The article describes the use of the AVRO serialization format in python, gives a brief description of the AVRO scheme with explanations of the most obscure points, provides specific examples of python code. Intentionally excluded from consideration questions of schema evolution (schema evolution), RPC and AVRO-IDL.
All the examples are given using the fastavro library, which the author had to significantly improve to meet the specification and compatibility with the java implementation.
Why AVRO, but not json, bson, msgpack, protobuf, ASN.1, thrift, yaml?
When decomposing a monolithic system, it became necessary to describe the procedure for interaction between microservices. Not long choosing between RabbitMQ and Kafka stopped at the last. But over the next task - the choice of the serialization system had to sweat.
When choosing a serialization system, the following requirements were taken into account:
Multiple programming language support
The basis of our codebase is python 2.7. Moreover, I would like to further translate productivity-sensitive processes into other languages.
Validation of data during serialization
In a dynamic interpreted python, it's too easy to accidentally send the wrong data. And in the pub-sub model of kafka we chose it was very important for us to ensure the correctness of the input data in the topic. We needed a system that allows typing kafka topics.
Type support
Our system actively operates with types Decimal, UUID and Datetime. Alas, the well-known serialization formats starting ASN.1 and ending with msgpack basically describe the serialization of low-level types (int \ float \ string \ bytes) and do not offer complete solutions for those of interest.
Based on these considerations, the choice fell on the AVRO. But suddenly it turned out (spring 2017) that despite the presence of support for logical types in the specification and JAVA libraries - neither in the official AVRO implementation for python, nor in the competing fastavto they were simply ignored.

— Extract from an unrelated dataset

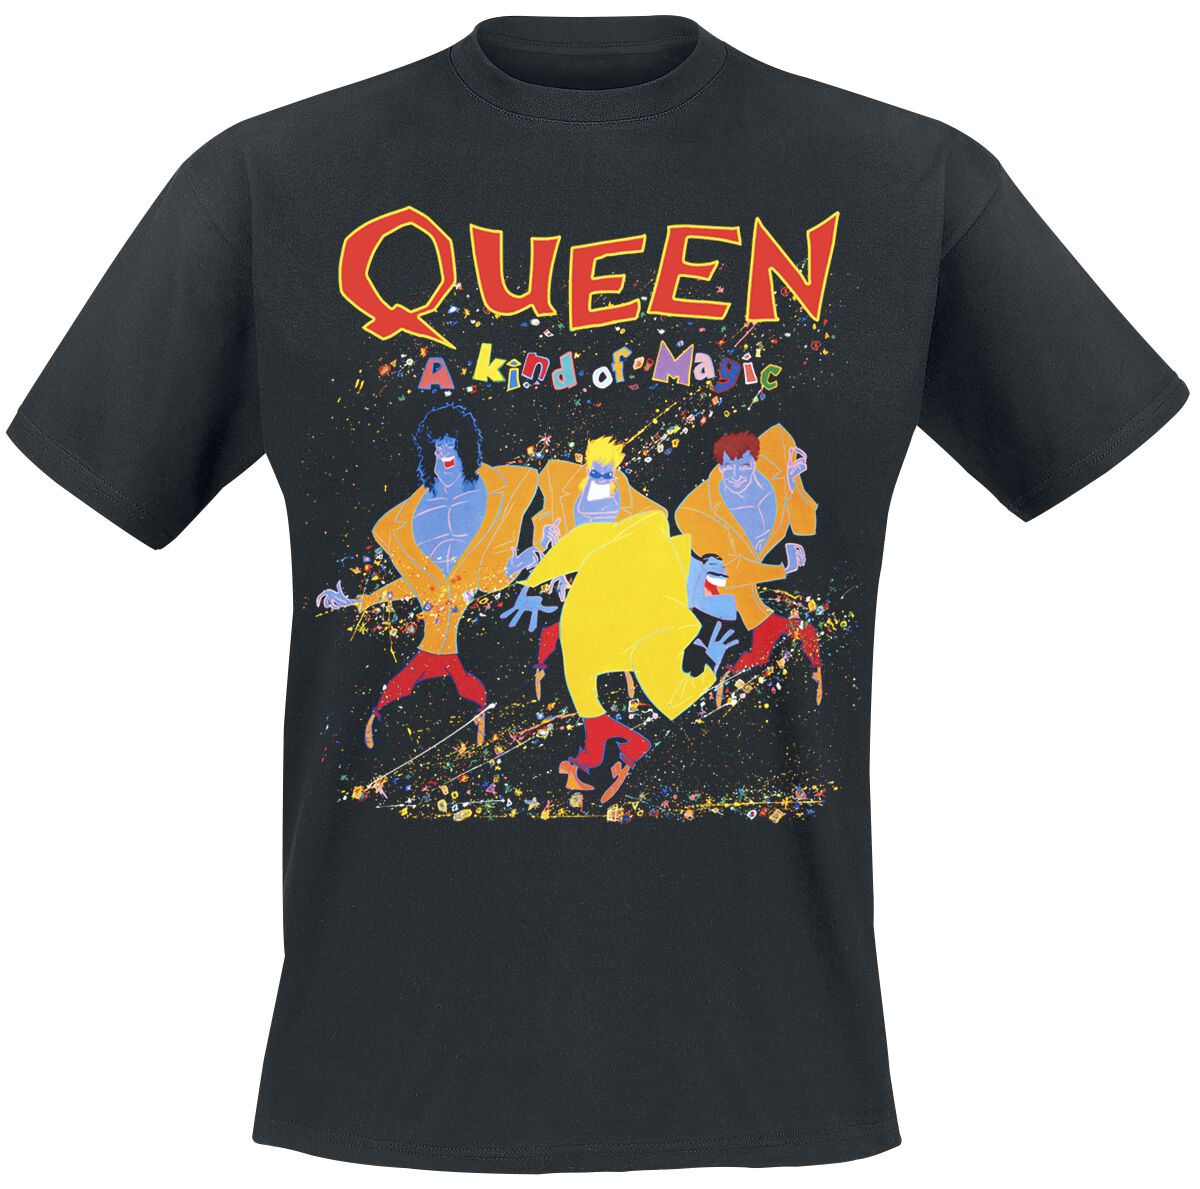 Queen T-Shirt - A Kind Of Magic - S bis 5XL - für Männer - Größe 4XL - schwarz  - Lizenziertes Merchandise!

Had to add their own.
The most adequate (and also the fastest) code turned out to be at fastavro, as a result, it was decided to finalize this library. This was my first experience of participation in opensource.
AVRO is a data serialization system created by the Hadoop project. The data is serialized in a binary format using a previously created json scheme, and a scheme is also required for deserialization (perhaps another one).

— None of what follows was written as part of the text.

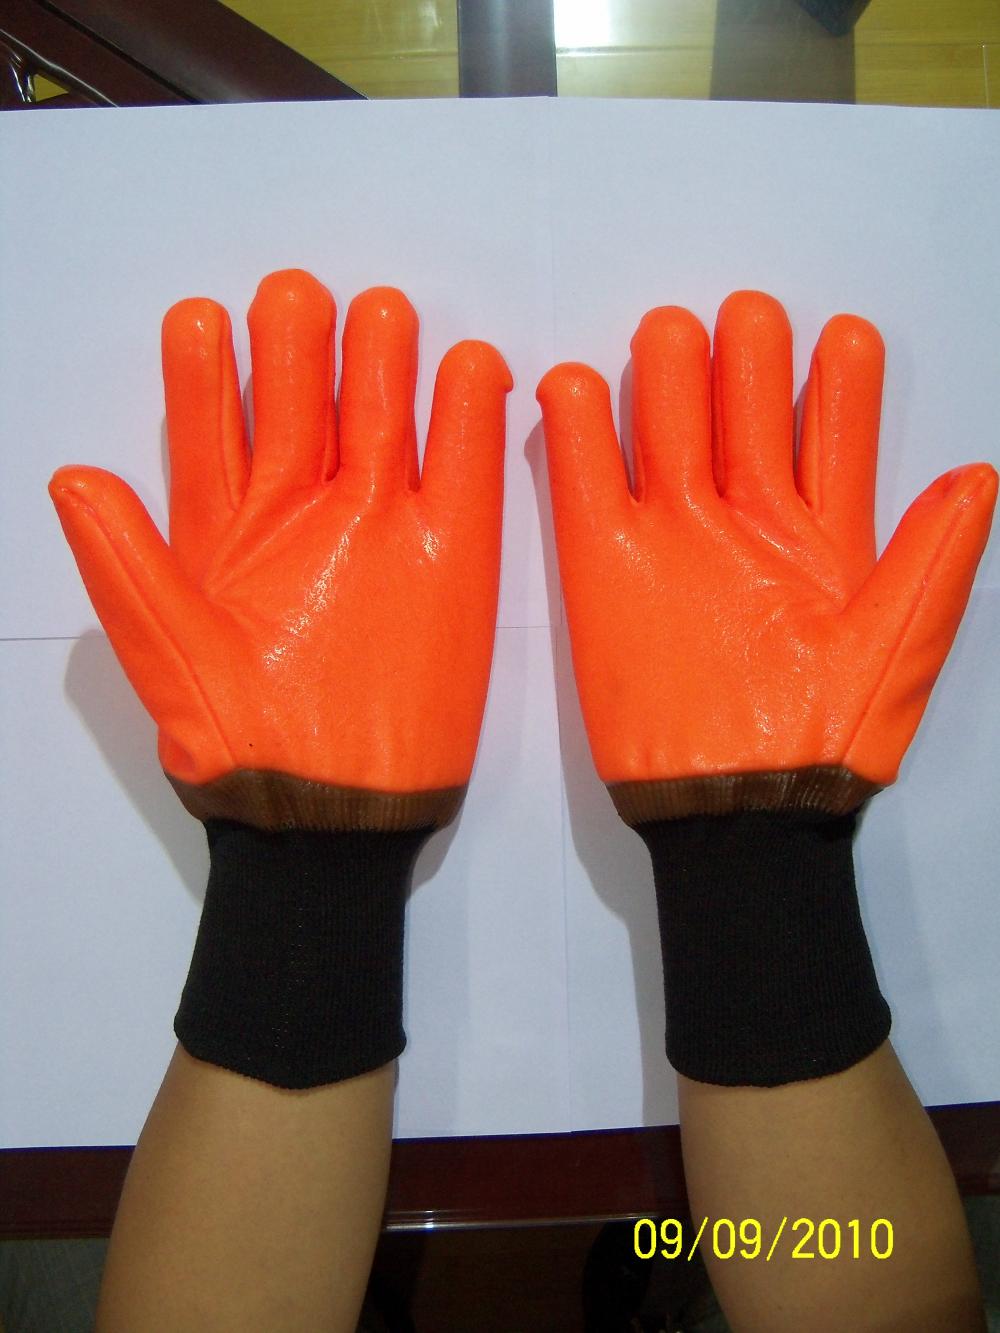 Guanti invernali rivestiti in PVC arancione

Also, AVRO will allow to pack a large number of records specified by a single scheme within a single container, which allows you to efficiently transfer large amounts of data, avoiding the overheads of other formats.
I will not describe in detail the rules for constructing schemes, since They are set out in the official documentation.
I will dwell only on the basic things and not at all obvious points.
The AVRO scheme is a JSON that describes a serializable \ deserializable data structure. Data types can be:
Although the above logical types have long been the standard in relational databases and modern programming languages, serialization libraries have bypassed them, forcing them to be reduced to primitive types, fortunately, AVRO has solved this problem.
Consider a simple scheme:
{ "type": "record", "namespace": "notificator", "name": "out", "doc": "HTTP ", "fields": [ { "doc": "id ", "name": "id", "type": "long" }, { "name": "datetime", "doc": " ", "type": { "type": "long", "logicalType": "timestamp-millis" } }, { "doc": " ", "name": "source", "type": [ "null", "string" ] }, { "doc": "", "name": "method", "default": "POST", "type": { "type": "enum", "name": "methods", "symbols": [ "POST", "GET", ] } }, { "name": "url", "type": "string" }, { "name": "headers", "type": { "type": "map", "values": "string" } }, { "doc": "body", "name": "body", "type": "bytes" } ] }
The scheme begins with a declaration of the record type with the given name and namespace. These fields in the first lines will be used in code generation systems that are not relevant to python, since our scheme will be processed dynamically. Next comes the enumeration of the field types of our record.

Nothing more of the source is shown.